Un groupe de travail de la FMOQ s’est récemment penché sur le lien entre la santé publique et les milieux cliniques de première ligne. Son constat : la collaboration entre ces deux secteurs est insuffisante. La première ligne est en effet centrée sur la santé des individus, tandis que la Santé publique met l’accent sur la population. Or, une meilleure intégration des deux permettrait d’agir plus efficacement sur les déterminants de la santé, d’adapter les interventions aux besoins des collectivités et de mieux soutenir les populations plus vulnérables.
Dans cette optique, des projets pilotes auront lieu cet automne dans trois GMF des régions de Québec, de la Mauricie–Centre-du-Québec et de la Montérégie. L’objectif est de renforcer la collaboration entre les milieux cliniques de première ligne et la Santé publique par des approches locales et adaptées aux réalités cliniques.
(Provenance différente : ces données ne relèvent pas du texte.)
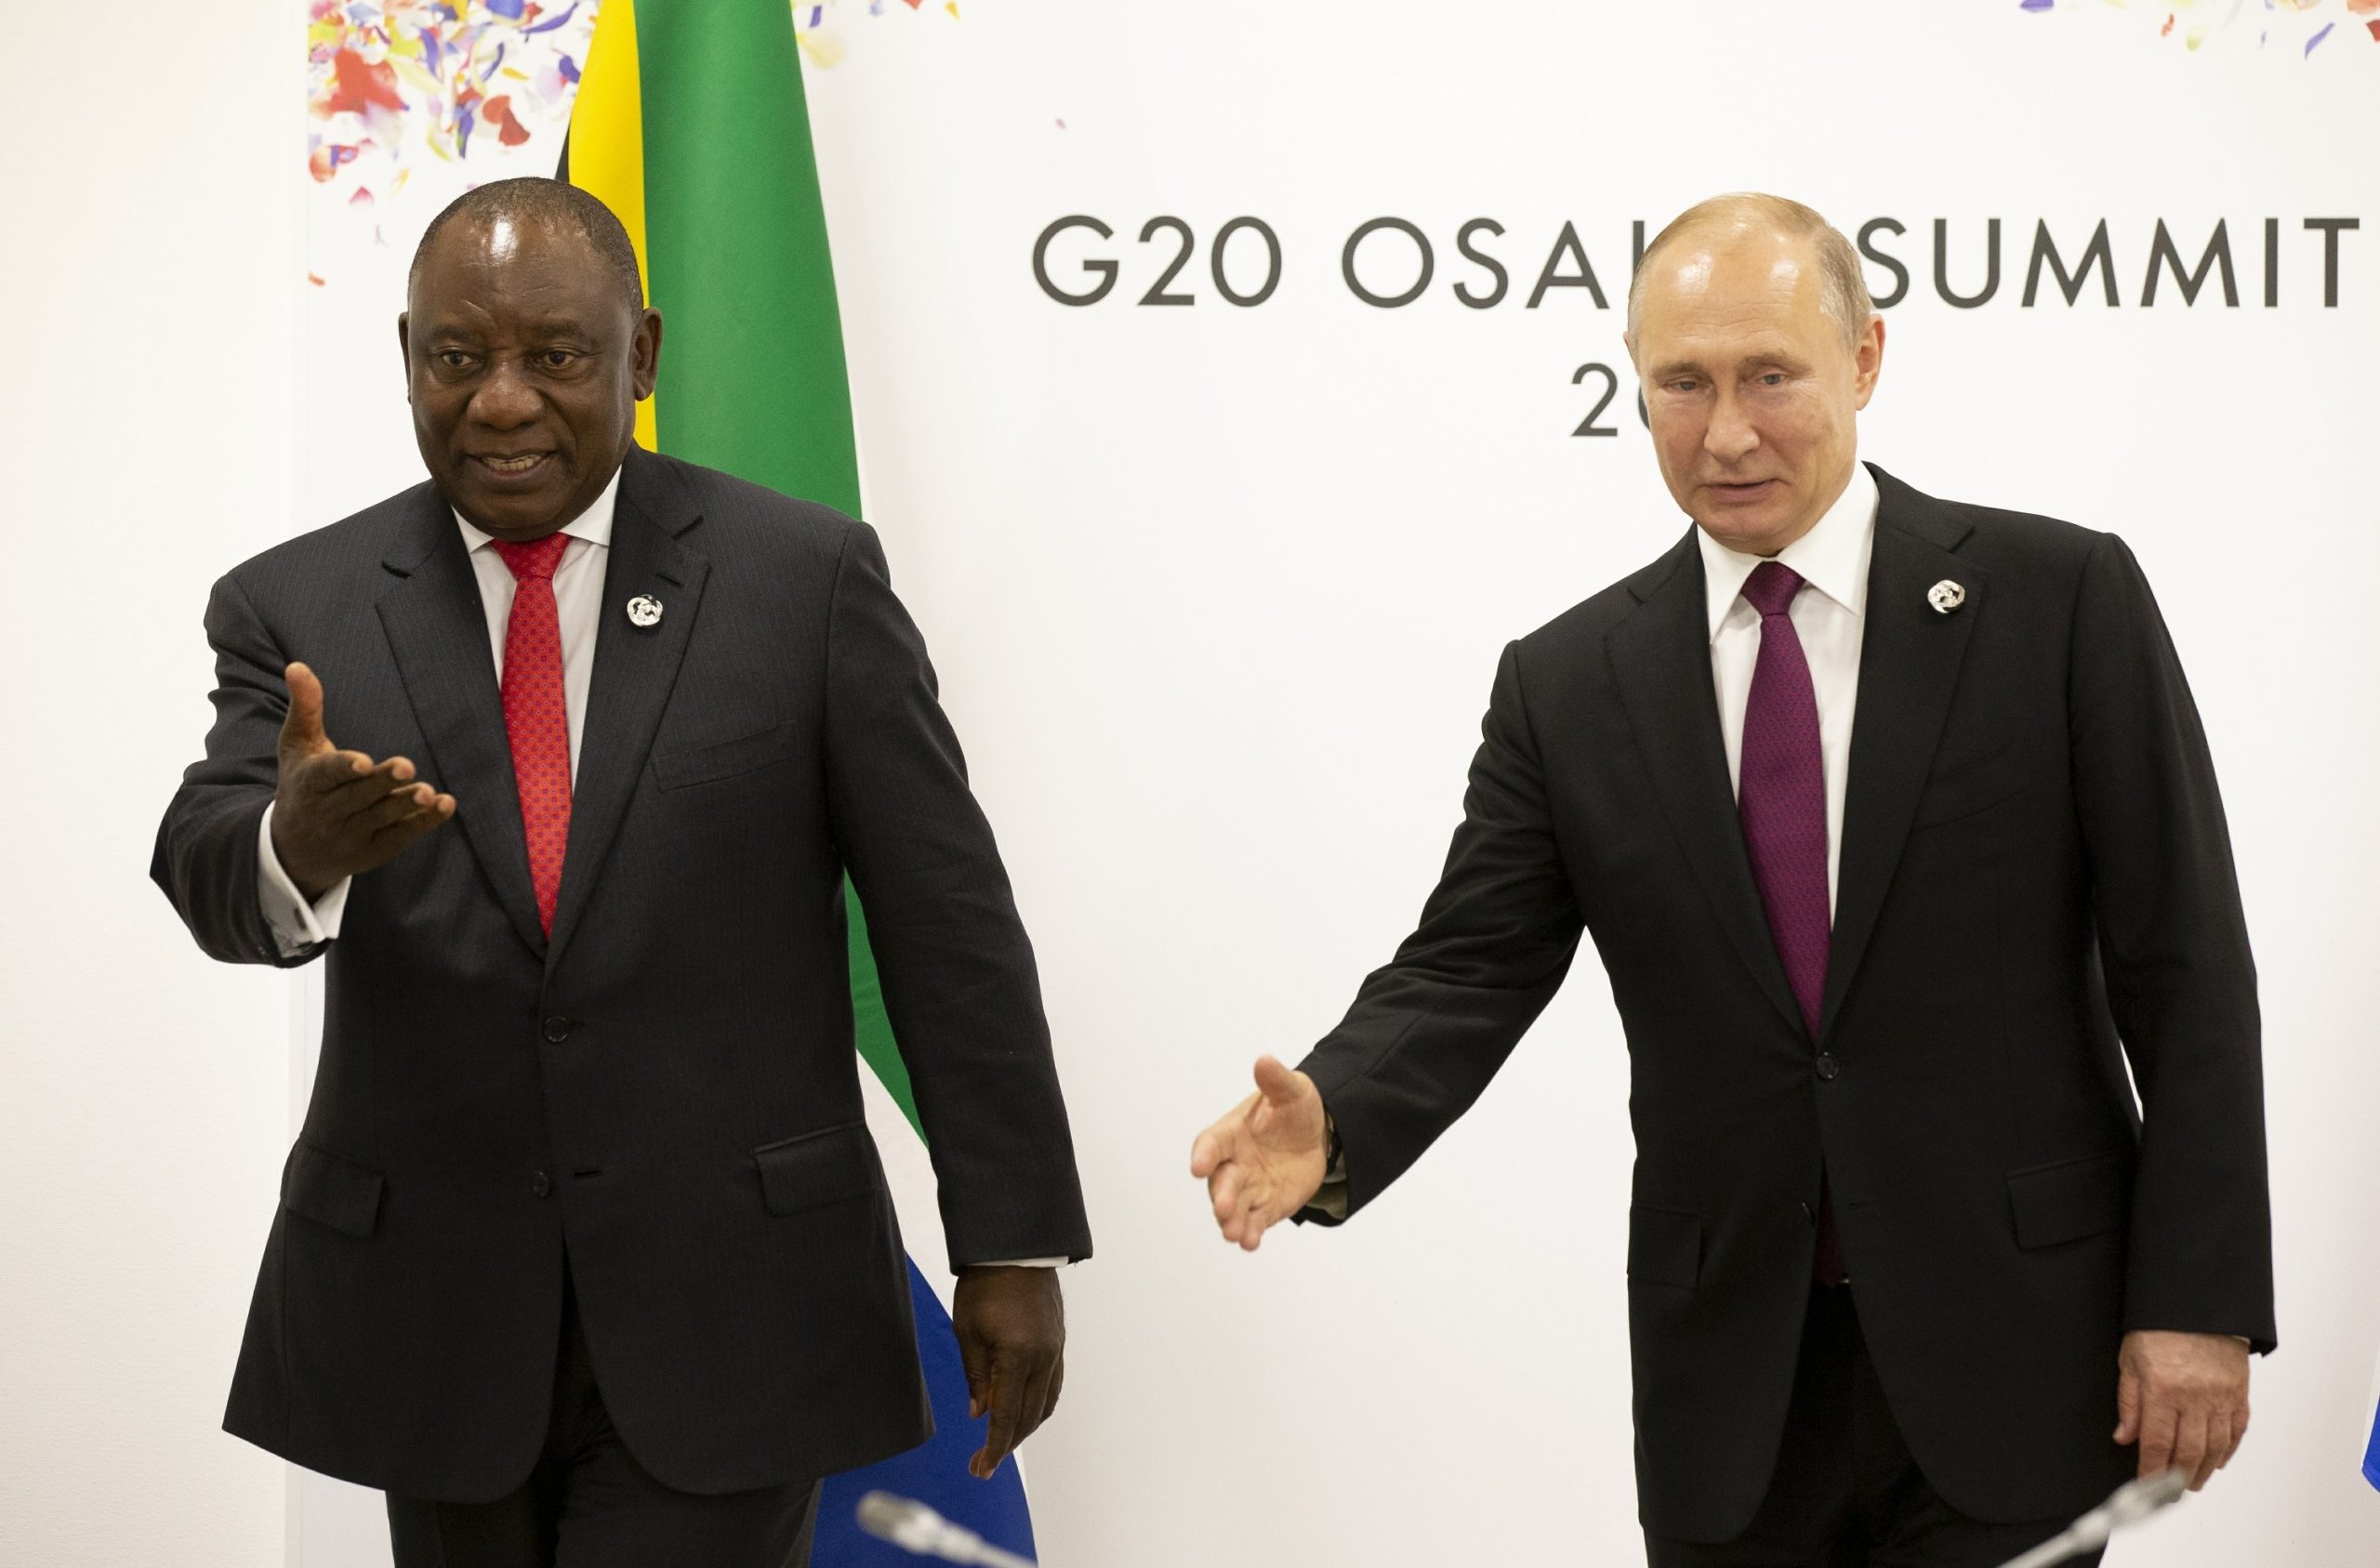 Putin Praises Growing Partnership with Africa at AU Summit

Ainsi, chaque GMF participant sera jumelé à un représentant de la Santé publique pour analyser un problème et élaborer un plan d’amélioration en se basant sur les données de Repères GMF. Le duo testera ensuite une ou deux idées de changement.
Pour la Dre Julie Roy, membre du groupe de travail de la FMOQ et clinicienne au GMF-CLSC Samuel-de-Champlain, à Brossard, les projets pilotes pourraient ouvrir la porte à une plus grande collaboration avec la Santé publique. « Cela permettrait de s’assurer que les services offerts correspondent aux besoins, mais aussi de mieux les planifier dans les années à venir », estime celle qui est aussi médecin-conseil à la Direction de santé publique de la Montérégie.
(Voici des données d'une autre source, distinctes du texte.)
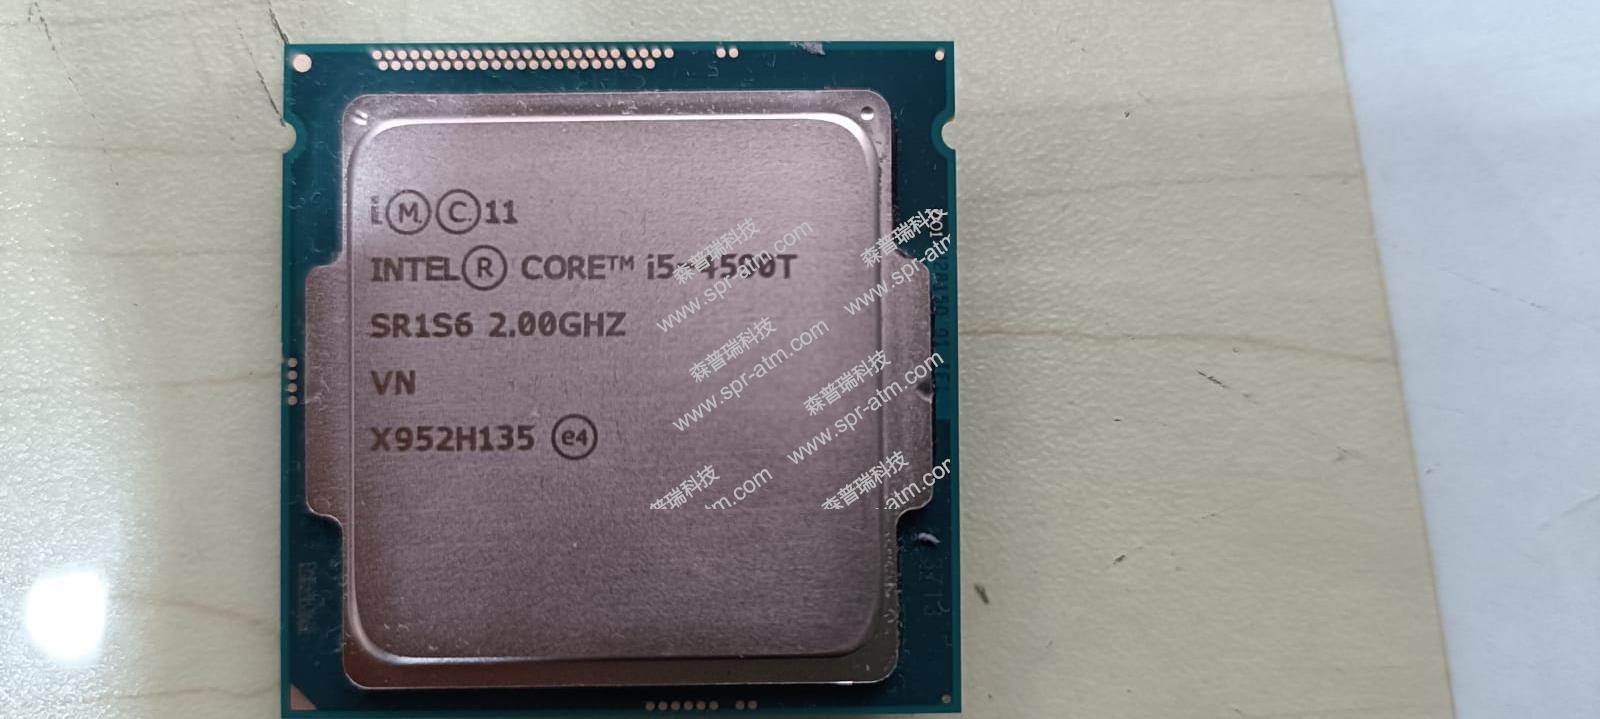 CPU I5-4590T

La Dre Roy donne l’exemple d’un GMF qui voit le nombre de suivis de grossesse augmenter d’une année à l’autre. « La prochaine fois qu’un médecin s’ajoutera à l’équipe, il faudrait peut-être s’assurer qu’il a un intérêt pour la pédiatrie. »
Grâce à la collaboration avec la Santé publique, les cliniques médicales pourraient aller plus loin encore en obtenant le portrait de la population couverte par un réseau local de services (RLS). « Avoir des données populationnelles éviterait d’être pris de court par le vieillissement de la clientèle qu’on n’a pas anticipé, par exemple, ou par une hausse de la toxicomanie, indique la Dre Roy. On ne peut pas tout prévoir, mais il y a des situations qu’on peut voir venir grâce aux données. »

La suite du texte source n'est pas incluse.